Bob Mackin NPA Coun. Hector Bremner’s continued vice-presidency

Bob Mackin 

A B.C. Supreme Court judge ordered a lawsuit involving dual agency and shadow flipping in the sale of a British Properties house to go to full trial instead of a summary hearing “at the earliest possible opportunity,” because it would be unjust otherwise. 

In a written April 11 verdict, Justice Nigel Kent decided against defendants Zhixiang Li, Sincere Real Estate Services Ltd. and agent Yi Zhang aka Leo Zhang, who sought a summary hearing on liability issues and dismissal of the case generally.

Plaintiff Wen Hsien Tsai claimed he is elderly and unsophisticated with poor English skills and was the victim of deception and fraud. Tsai accused Li and Zhang of conspiring to induce him to sell his property below market value so they could resell it for a profit. The defendants deny conspiracy or other wrongful conduct. 

Sincere agent Yi Leo Zhang (Sincere)

Plaintiff Tsai agreed to buy 1028 Eyremount Drive in West Vancouver’s British Properties on May 16, 2015 for $5.1 million. Sincere was the broker of the transaction. On the same date and at the same time, Tsai signed an exclusive listing contract with Sincere. He agreed to pay a gross commission of $100,000 and a limited dual agency agreement authorizing Zhang to be agent for both buyer and seller.  

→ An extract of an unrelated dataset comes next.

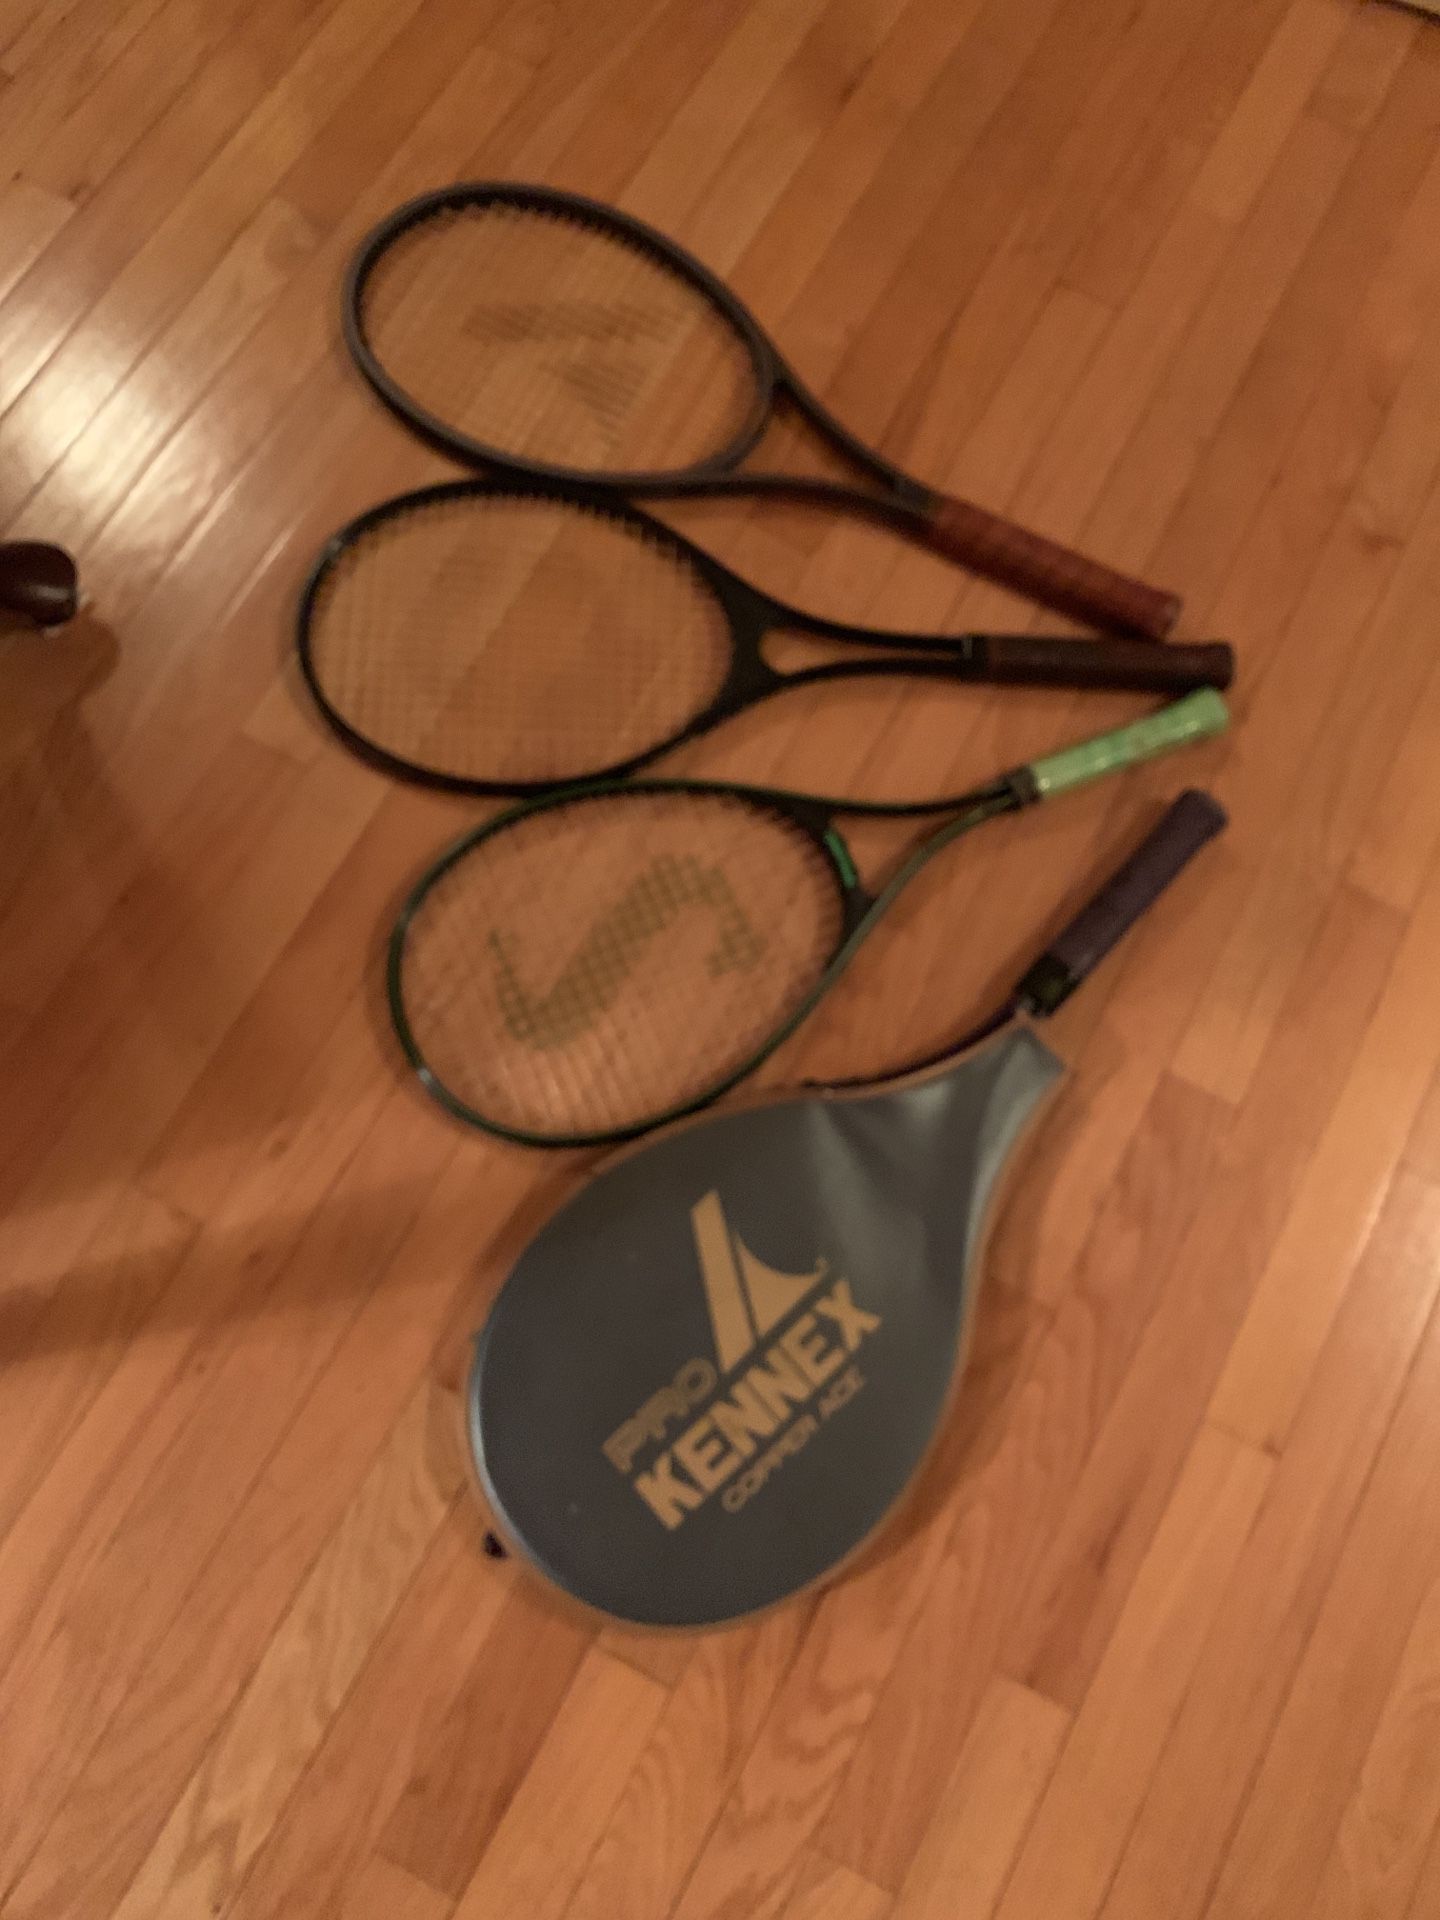 4 tennis rackets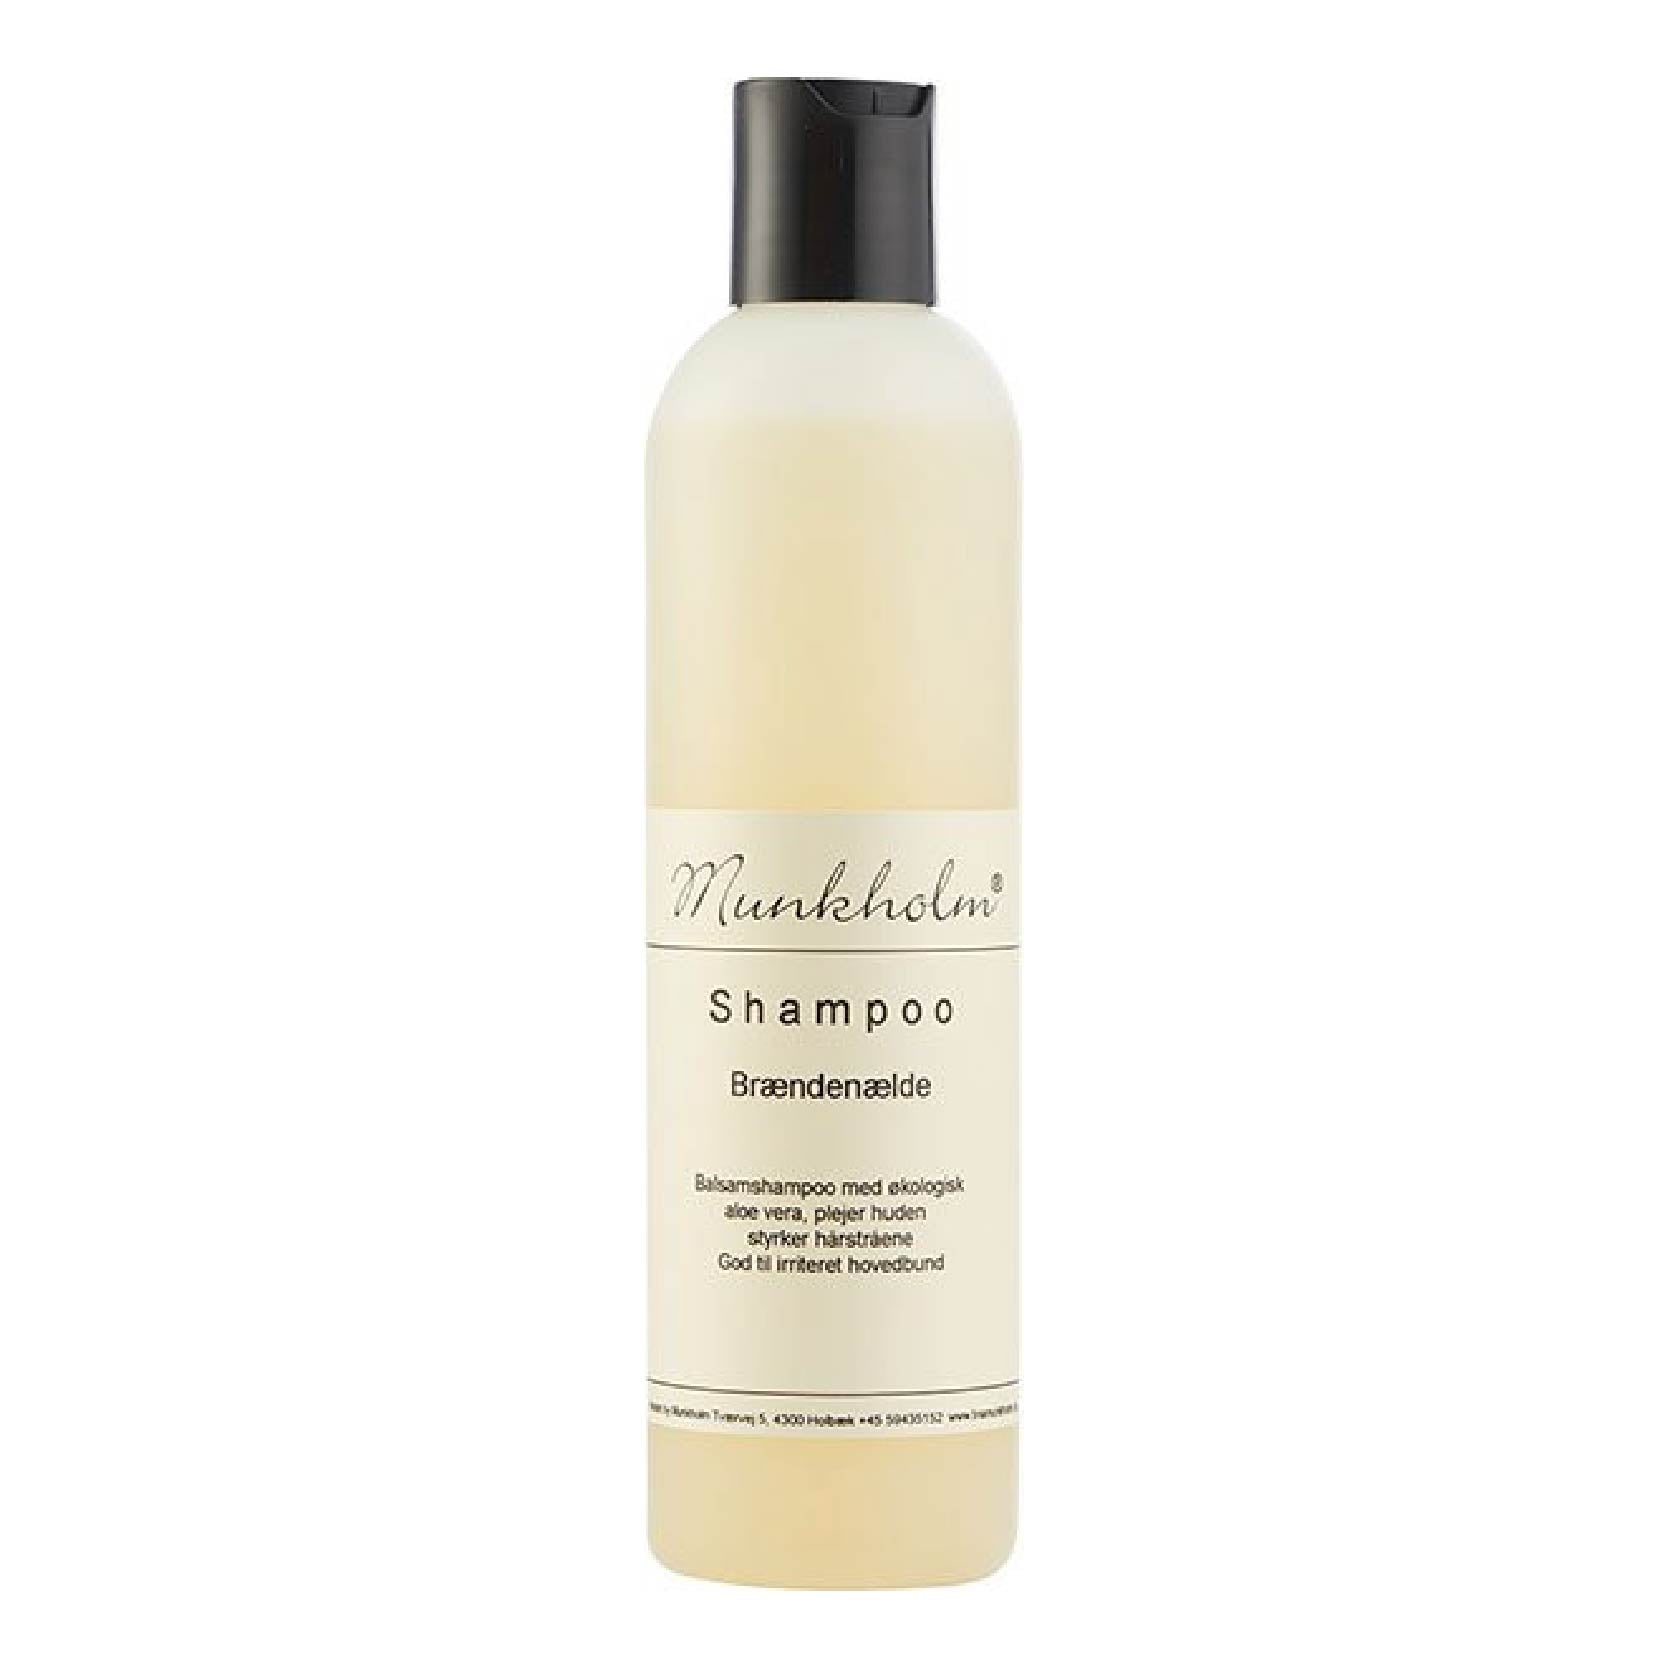 Shampoo - Brændenælde

Two months later, on July 14, 2015, Li assigned the contract of purchase to a numbered company, 1035566 B.C. Ltd., for $600,000, representing a total purchase price for the property to the assignee of $5.7 million. The next day, Tsai signed an addendum to the deal, extending possession and adjustment dates for the transition from the end of October to the start of December. 

“That addendum contained a clause expressly reserving Mr. Li’s right to assign the contract to any third party without notice to Mr. Tsai. Mr. Zhang of Sincere acted as Mr. Li’s broker for the purpose of the assignment and also secured Mr. Tsai’s signature on the Addendum the following day,” Kent wrote.  

Tsai received a $5,000 cheque on July 15, drawn from the numbered company’s bank account, with the notation: “For the extension of completion from Oct 30 to Nov 30.” The contract was further assigned by the numbered company to Lian Zhang, who is not related to Sincere’s Zhang, for $6.3 million. 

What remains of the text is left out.